De arts concludeerde dat sprake was van een vrijwillig en weloverwogen verzoek. Hij stelde vast dat de vrouw helder van geest was en zich bewust was van de strekking van haar verzoek. De vrouw wilde een menswaardig einde krijgen waarbij voor haar zowel euthanasie als palliatieve sedatie acceptabel waren. De behandelend arts wilde niet overgaan tot palliatieve sedatie nu de situatie van de vrouw volgens haar nog niet zodanig was dat palliatieve behandeling gestart kon worden. Dit was voor de arts een onbegrijpelijk standpunt.

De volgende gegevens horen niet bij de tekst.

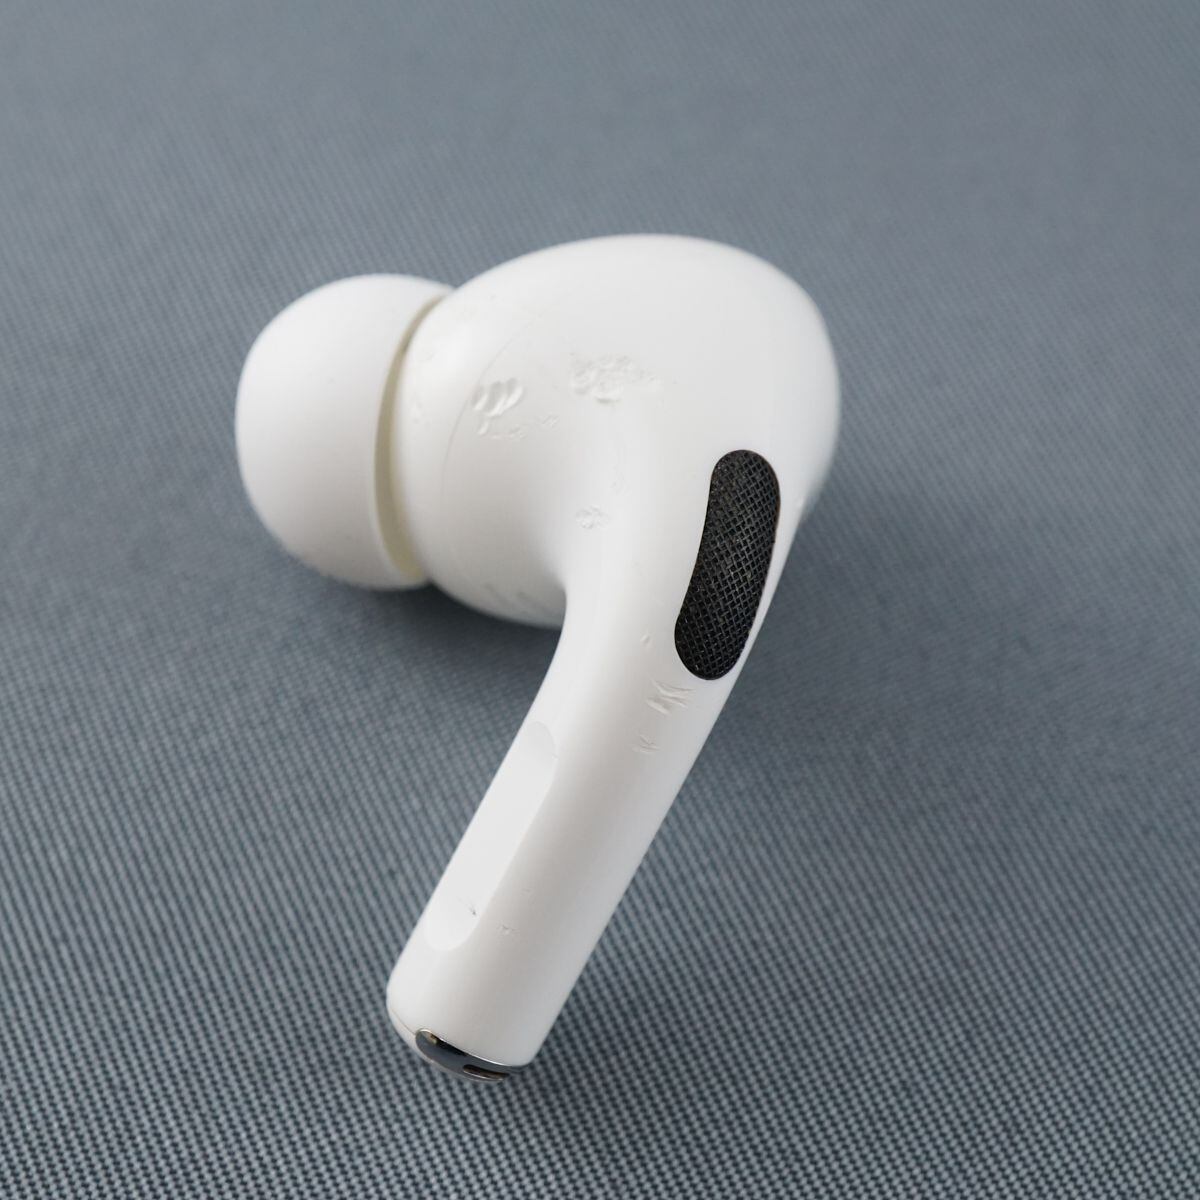 Apple純正ワイヤレスイヤホンAirPods第2世代左耳

De arts was ervan overtuigd dat het lijden voor de vrouw ondraaglijk en naar heersend medisch inzicht uitzichtloos was. De vrouw lag te wachten op de dood, aldus de arts. Er waren geen voor de vrouw aanvaardbare mogelijkheden meer om het lijden te verlichten. Verder kon uit de stukken worden afgeleid dat de arts de vrouw voldoende had voorgelicht over de situatie waarin zij zich bevond en haar vooruitzichten. De arts raadpleegde met spoed een onafhankelijke SCEN-arts als consulent. Hij bezocht de vrouw vier dagen voor het overlijden en kwam tot de conclusie dat aan de zorgvuldigheidseisen was voldaan. Ook de consulent schatte de levensverwachting van de vrouw als zeer beperkt in, waarbij het de vraag was of de vrouw de geplande uitvoeringsdatum zou halen.
De arts voerde de euthanasie uit met de middelen, in de hoeveelheid en op de wijze als aanbevolen in de KNMG/KNMP Richtlijn Uitvoering euthanasie en hulp bij zelfdoding van augustus 2012.
De commissie kwam tot het oordeel dat de arts gehandeld heeft overeenkomstig de zorgvuldigheidseisen.